Oh, @Camikaze: I really don't know where you think I am going wrong here about property rights. I don't think I have stated anything that is in conflict with how it works here in good ol' USA, which given my OP is precisely what I should be basing it on.
The 'why do you hate property rights' question is, I think, valid enough for two reasons. Firstly and most obviously, as far as I understand it, the right to roam is generally a property right. So you're suggesting that a property right should be abolished. Secondly, the suggestion that it tears at the very fabric of private ownership, and your more general attitude towards the right, suggests a disdain for the underpinnings of land title.
To elaborate, I'd add that your quite flippant attitude towards the legal basis of your title to your land also seems to demonstrate a disdain for property rights themselves, in favour of 'might is right', which is quite a different type of claim, and indicates that you'd be fine with someone forcefully dispossessing you of your property. If you're truly concerned with the fabric of private property, you really need to think much harder about the legal basis of your own ownership.
Now, I can't speak directly to American property law, but the histories of Australia and America holds some striking similarities that would seem quite relevant. Before Australia was colonised, all land was held on native title by the indigenous population. The colonisation, by imposing the Crown's sovereignty on the Australian continent, granted the Crown radical title over the land. This means that, although none of the native title was automatically extinguished, the Crown gained the right to extinguish it, and deal with it as it saw fit. It did as such, and granted various parcels of land to individuals, who thereby had beneficial title to it. Crucially, this beneficial title was entirely reliant on the radical title of the Crown; the radical title was the legal basis for taking land that had previously been held by native title. Over time, more and more parcels of land were handed out, and eventually Australia federated and the Constitution noted that the Crown would have to provide compensation when acquiring land (or 'resuming' land; it's called 'resuming' because they're resuming their initial ownership). Nowadays, some areas of native title have not yet been extinguished, and most of Australia is held on a basis other than native title. The house in which I live, for instance, is beneficially owned by my parents, which is only possible thanks to the radical title of the Crown and its prerogative to grant the beneficial ownership of the land to the predecessors to the current title, in preference to the pre-existing native title. If it emerged that the Crown never exercised its radical title in relation to the land on which I live (which would be quite impossible, but hypothetically speaking), then the native title would not have been extinguished, and the indigenous holders of that title would be the rightful 'owners' of the land. I believe property operates similarly in the US, and is related to the concept of eminent domain.

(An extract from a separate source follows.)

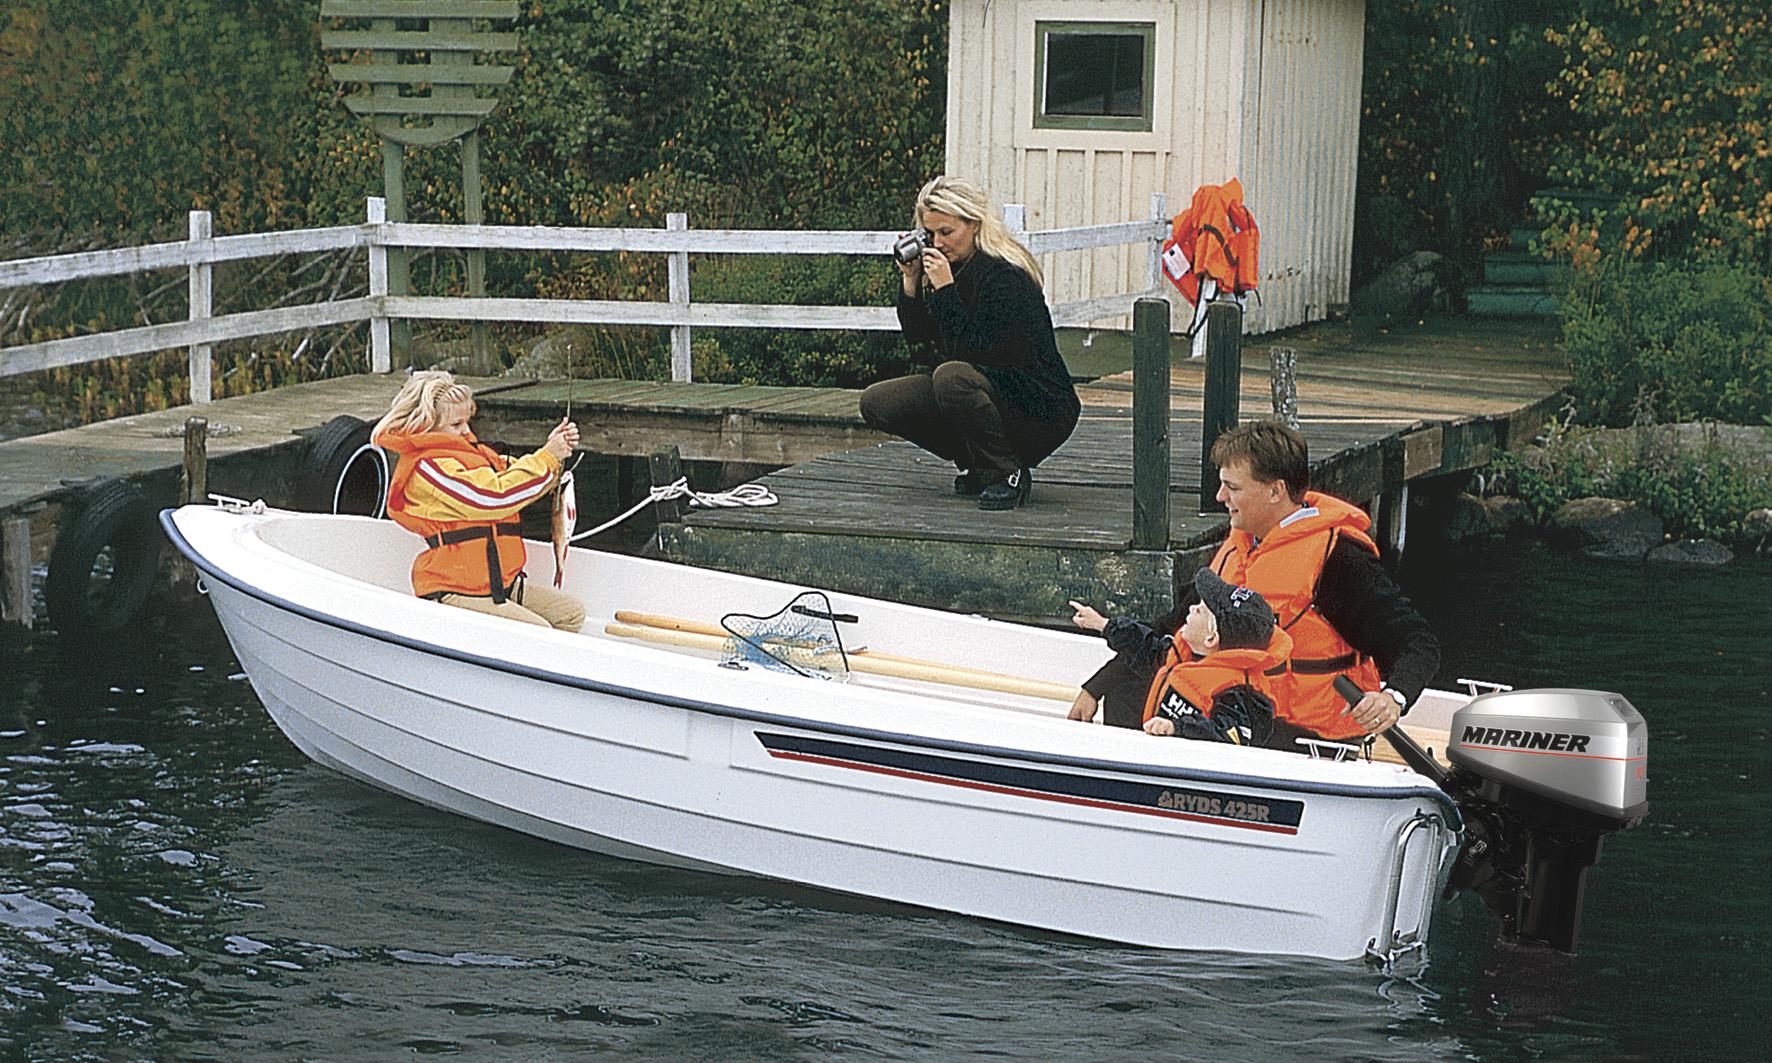 ryds båtar äldre modeller

The point being, the basis of land ownership is a government grant and continuing government radical title (or whatever the similar concept is called in the US). At this point, if you were tempted to break out Locke's labour theory of property, I'd point you to the fact that the Crown could only have obtained absolute beneficial title to land which was
terra nullius. And it wasn't. There was no vacant land on which a natural property right could have developed.
Of course, the fact that the basis of land ownership is a government grant and continuing government radical title, doesn't mean the government can do whatever they want with the property to which you hold beneficial ownership. It just means that the 'fabric of private property' at which you think the right to roam would be tearing, is a fabric knitted by government. Now, it would be bizarre to suggest that although ownership is by virtue of government, they couldn't have placed conditions on the original grant for the good of the public. If you were to suggest that the right to roam were incompatible with private property, I'd have to assume that this is because you don't believe that private property ownership is by virtue of government. This would amount to an attack on the underlying basis of your property ownership. If you are taking this position, you are saying that property rights are simply a matter of 'might being right', and that there's no real legal basis for your title. Accordingly, you'd be stating that your title to your land is little more than your ability to forcibly exclude others.
Of course, the right to roam operates in property systems older than the US or Australia, but the same principle generally applies; the right to roam is a condition of the government's grant of particular land (even if that condition is implemented via a different mechanism). It isn't an imposition on private rights, because those private rights were only granted on condition that there be a right of access for the public. In this sense, it's little more than a contractual issue. And I'm sure you believe in the sanctity of contracts.